The Deobandi Movement Revisited
February 7, 2013
I first wrote about the Deobandi movement on this blog three and a half years ago. Since that time, Western interest in the Deobandi movement has increased both in the media and among the security community. I thought it might be helpful if I offered an updated version of that original post.
The Deobandi movement has evolved out of a Sunni reformist tradition. It began in the Indian subcontinent, but it’s political expression and ideology were co-opted by Pakistan’s Jamiyyat-i-Ulama-i-Islam (JUI). The JUI are a religious party with a strict, militant, anti-West, and anti-American culture. The JUI also denounce anyone who is non-Muslim. The JUI trained many members of the Taliban in their madrasas (seminaries). These schools were first set up for Afghan refugees in the Pashtun heavy areas of Pakistan during the Afghan-Soviet war.
The Deobandi movement is named for the originating Madrasa established in the town of Deoband in northern India in 1867. This school soon became the model for madrasas established all over Southern Asia. Thousands of Deobandi madrasas now exist in India and Pakistan. And out of all the sectarian orientations in South Asia, those associated with Deobandi have been the most intellectually dynamic and politically the most significant.
The majority of significant commentaries produced by Deobandi intellectuals have focused on hadith. A hadith is an oral story related to the prophet Muhammad and his customs. Hadith are understood as being important devices in deciding proper Muslim living. And it is important to stress that hadith are attributed to Muhammad as opposed to the Qur’an. Therefore, it is understood by Muslims that hadith are the words of Muhammad and not the word of God. The Sunni cannon of hadith is called the ‘Six major Hadith collections.’
Deobandi-scholarship on hadith has encouraged reconsideration of earlier religious positions. Among the goals of the Deobandi brand is the defense and preservation of Sunni norms and law. Defensive arguments within Deobandi, sometimes referred to as jihad, are often accompanied by an unusual degree of openness to departures from past hadith analysis. These departures include a call for a more rigid conservatism while promoting a militant vision and culture unheard-of in classical Islam.
Saudi funding to Islamic groups worldwide was drastically accelerated in the early 1980s as a means to create a Sunni wall against Iran’s export of its Shi’a revolution. Iran’s funding of Shi’ite groups as well as its call for a global revolution threatened Saudi Arabia’s Islamic leadership role and the Arab world’s Sunni hegemony. The Deobandi movement’s emphasis on the defense and preservation of Sunni norms and law made the funding of Deobandi schools especially appealing to the Saudi regime.

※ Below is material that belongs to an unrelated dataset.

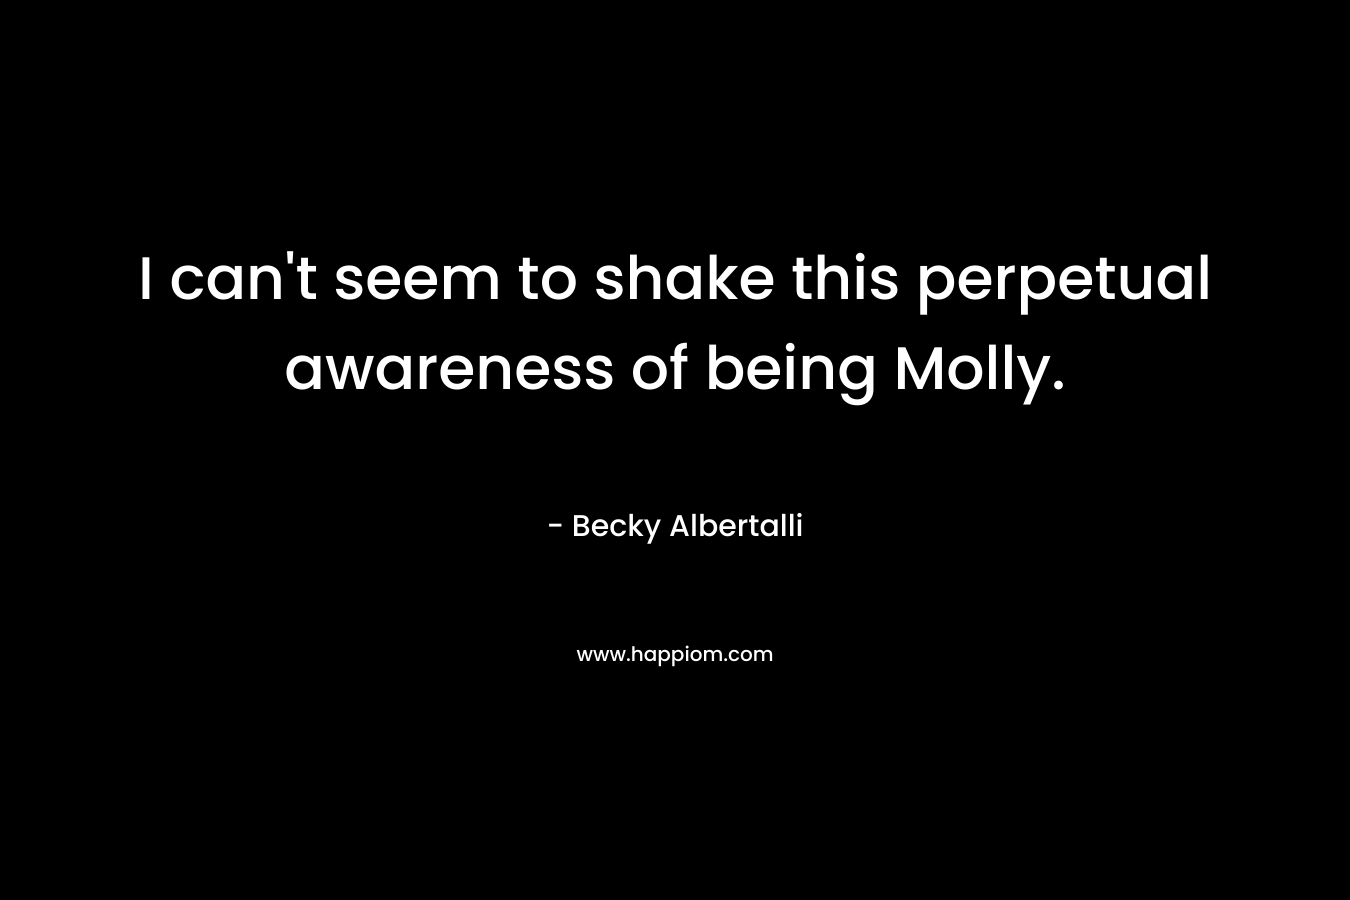 I can’t seem to shake this perpetual awareness of being Molly. – Becky Albertalli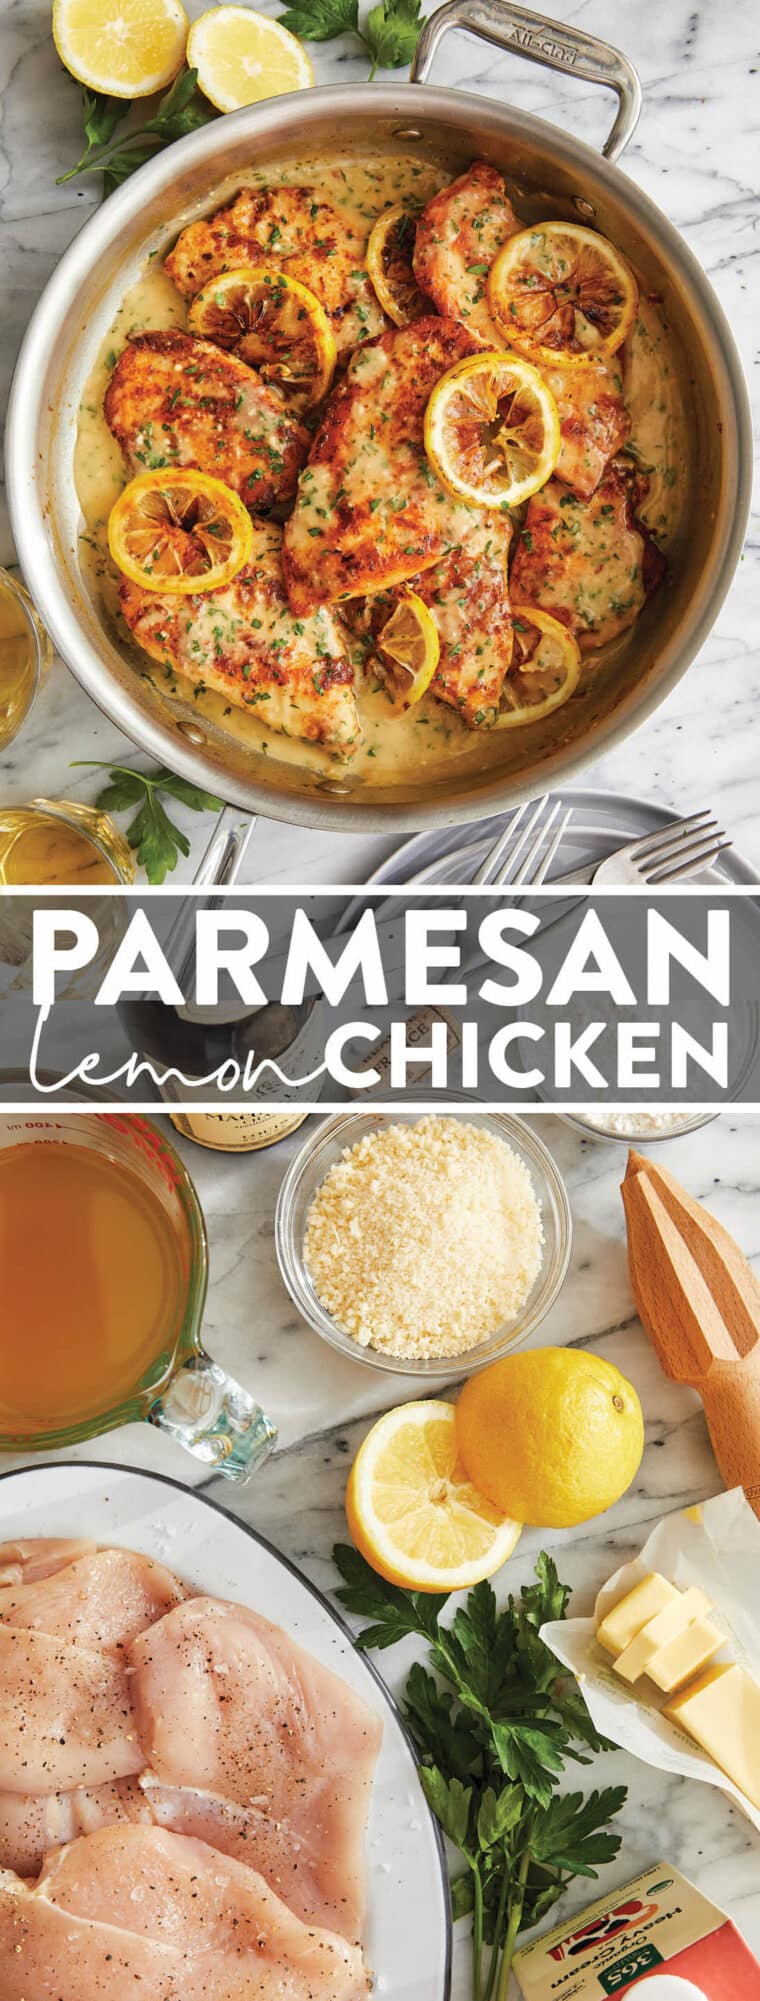 Parmesan Lemon Chicken - Golden brown, juicy, tender, parmesan-crusted chicken breasts in a creamy, lemon-garlicky sauce made in 30 minutes!

Deobandi schools created close ties to Wahhabi militants in Saudi Arabia, and the creation of new schools boomed throughout the 1980s and 1990s from Saudi funding. In this way, Pakistan, Afghanistan, and Saudi Arabia are closely tied together, to the dismay of their current respective governments. The criminal networks of militants operating in these countries all have ties to the Deobandi worldview. If world governments are going to overcome terrorism perpetrated in Islam’s name, they will have to better educate themselves in the Deobandi brand of radicalism.
Pakistan has a population exceeding 180 million people, and nearly two-thirds of this population is illiterate. The average Pakistani makes about $450 a year. Deobandi madrasas provide students with shelter, food, and a much needed education. It is sometimes estimated that between 80,000 and 100,000 Pakistanis trained in Deobandi madrasas just between 1994 and 1999.
Deobandi madrasas in Pakistan and Afghanistan are typically run by religious teachers who have little knowledge of or appreciation for traditional Islam. The chief task of these teachers is to promote a jihadist vision that is global in scope, intolerant of competing with other Sunni doctrines, and fanatically anti-Shi’a. A main goal of Deobandi schools in Pakistan and Afghanistan is having their pupils spread this form of Islam world-wide.
The post-Deobandi boom has affected both faith and politics in the Muslim World. Deobandi’s global vision is to establish a Deobandi caliphate, and Deobandi missionaries have brought greater piety, religious divisions, opposition movements, and conflicts. Deobandi schools were first opened in the United Kingdom, Canada, and the United States in the 1980s.
The British newspaper The Times has claimed that nearly 600 of the 1,400 mosques in Britain are run by Deobandi affiliated scholars, while 17 of the 26 Islamic seminaries follow Deobandi teaching. Significantly, the seminaries produce 80% of Britain’s domestically trained Muslim clerics.
In the States, Darul Uloom Al-Madania was opened in Buffalo New York in 1986, and Darul Uloom New York was opened in New York City in 1997. In Canada, the Al-Rashid Islamic Institute was opened in Ontario in 1980, and the Darul Uloom Canada was opened in Ontario in 1993.